• _Your task_
The pictures stay out; all of the data is to be printed exactly.

== Data provided ==

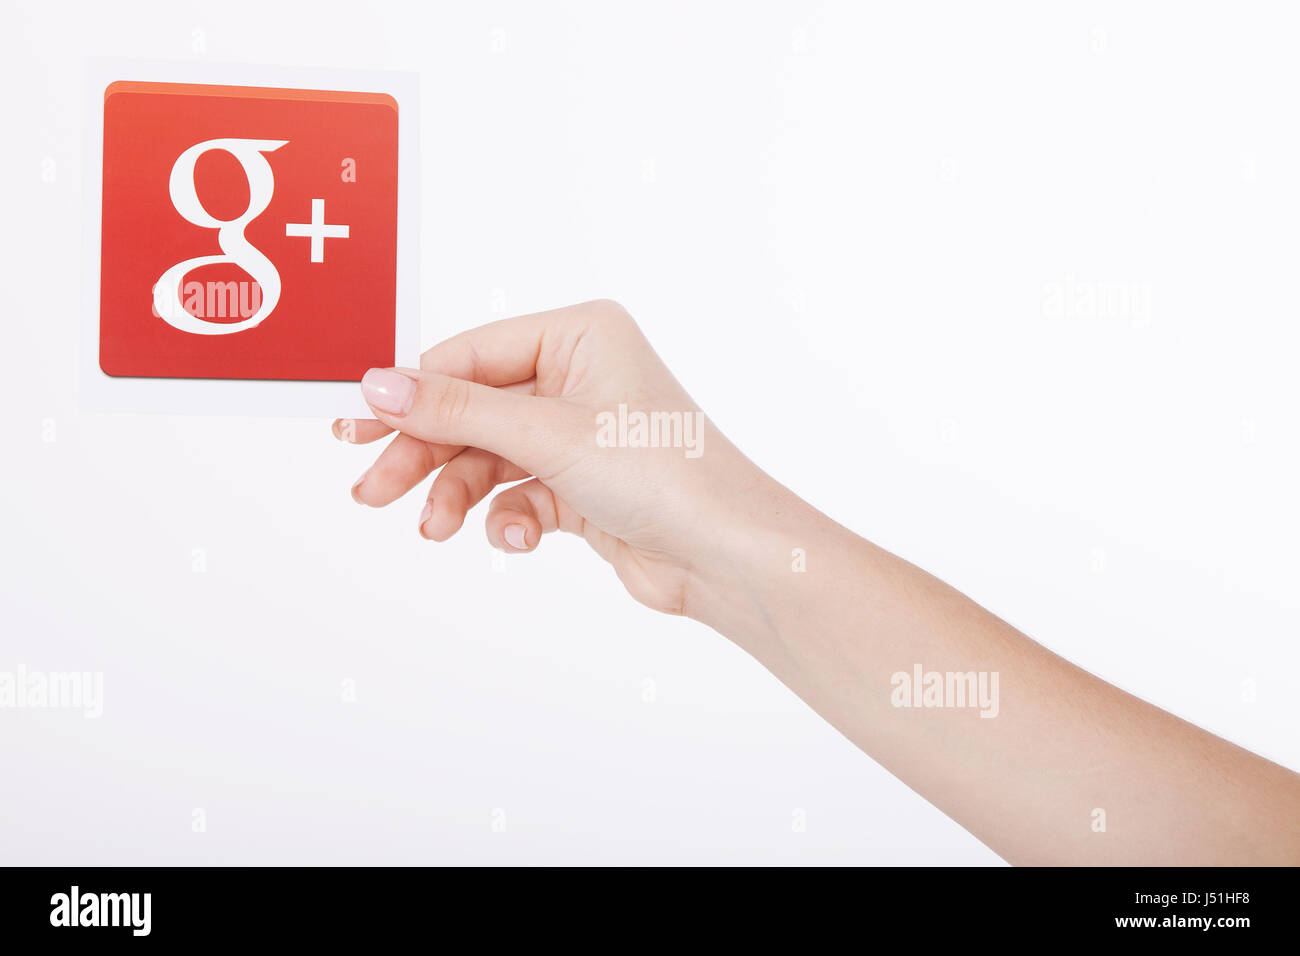 Kiev, Ukraine - August 22, 2016: Woman hands holding Google plus icon printed on paper on grey background.Google is USA multinational corporation. Stock Photo
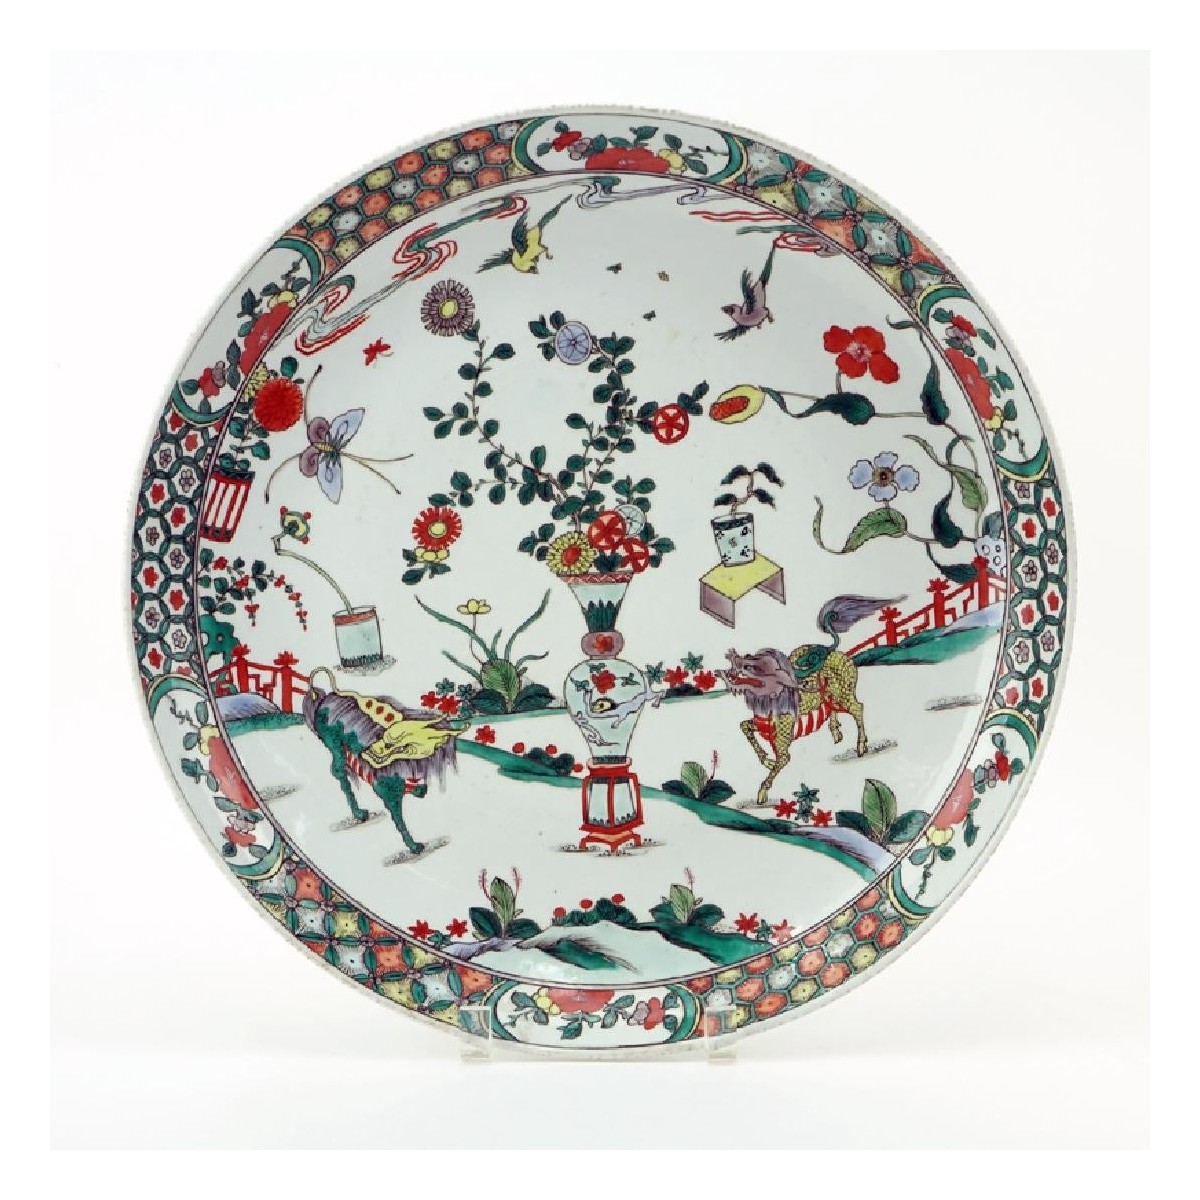 Large Antique Chinese Porcelain Charger
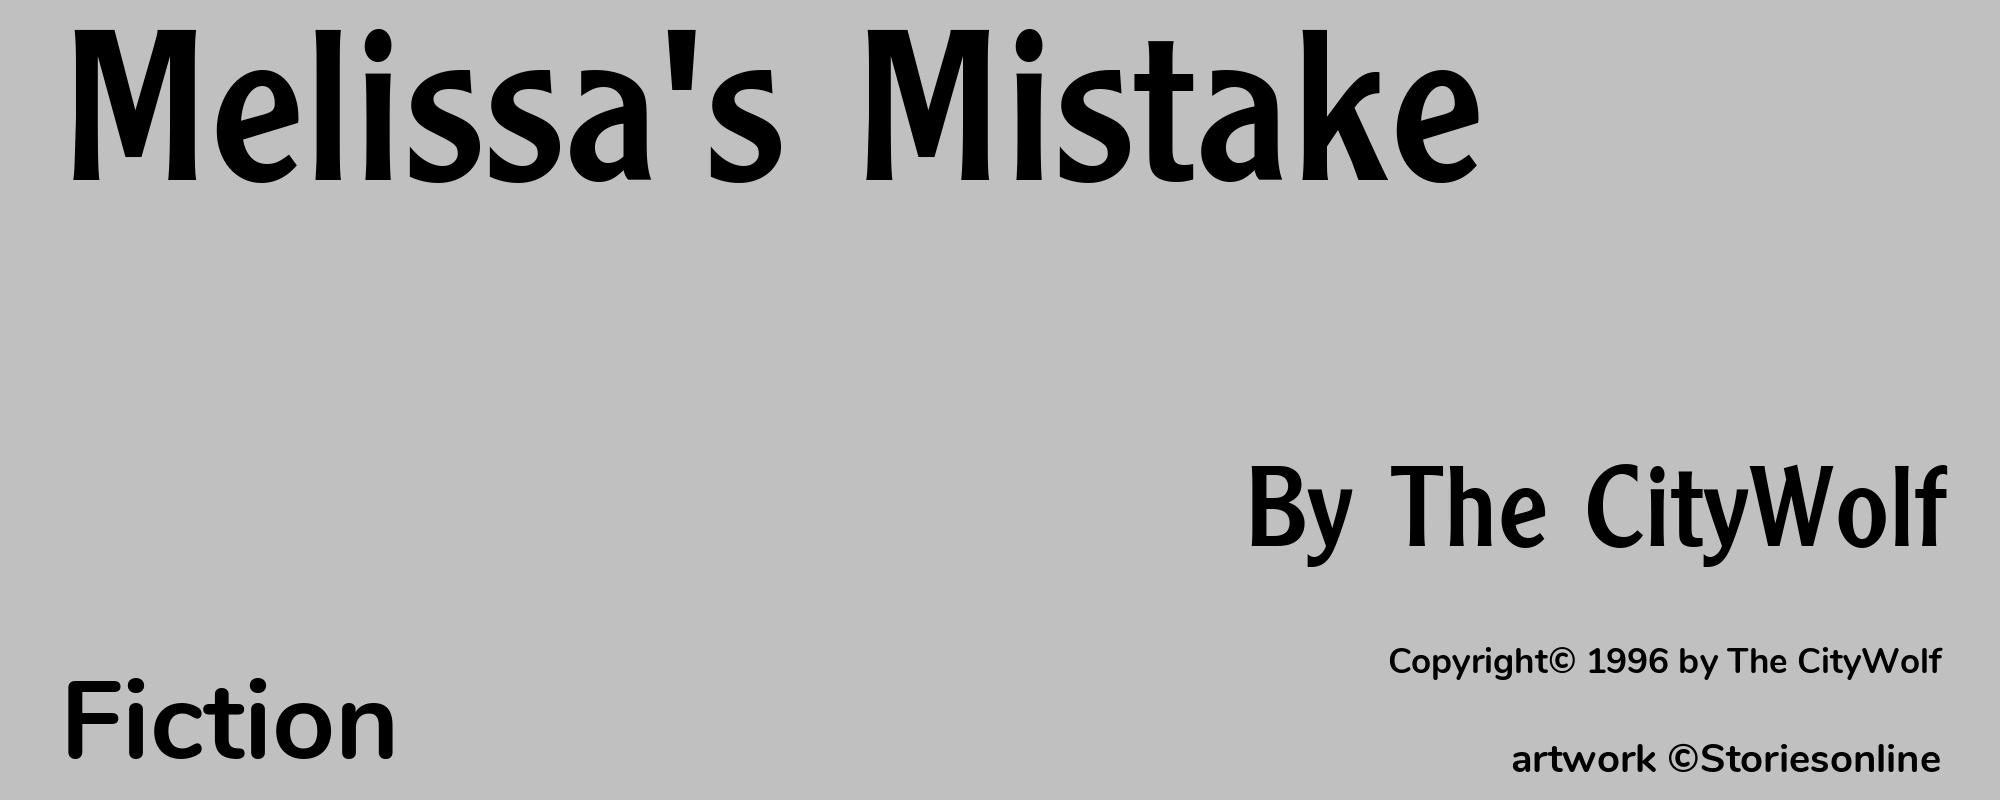 Melissa's Mistake - Cover
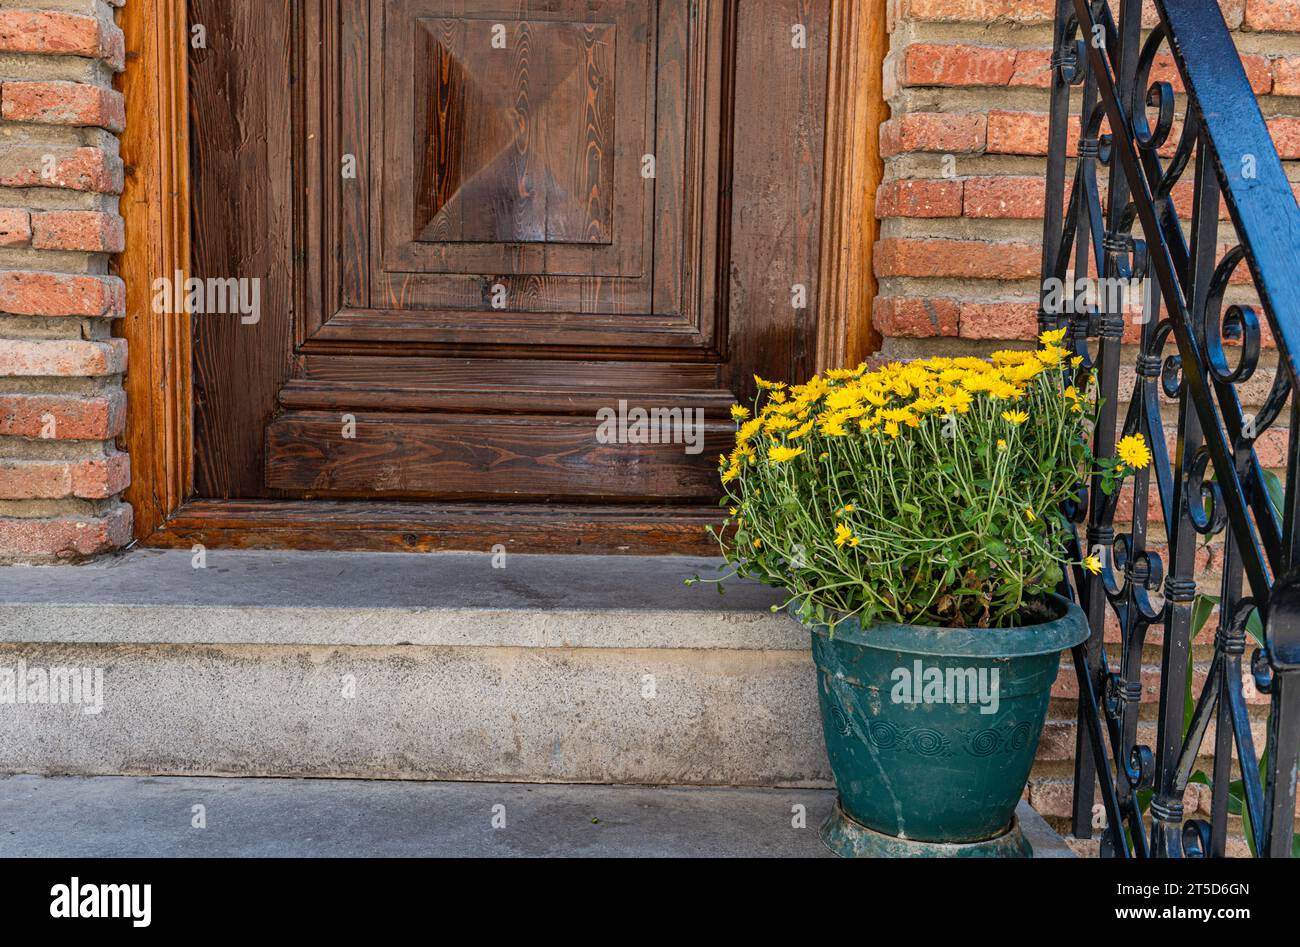 Blooming yellow flowers close to the door on the stairs Stock Photo

===

• _Solved problem_
 Kiev, Ukraine - August 22, 2016: Woman hands holding Google plus icon printed on paper on grey background.Google is USA multinational corporation. Stock Photo
 Large Antique Chinese Porcelain Charger
 Melissa's Mistake - Cover
 Blooming yellow flowers close to the door on the stairs Stock Photo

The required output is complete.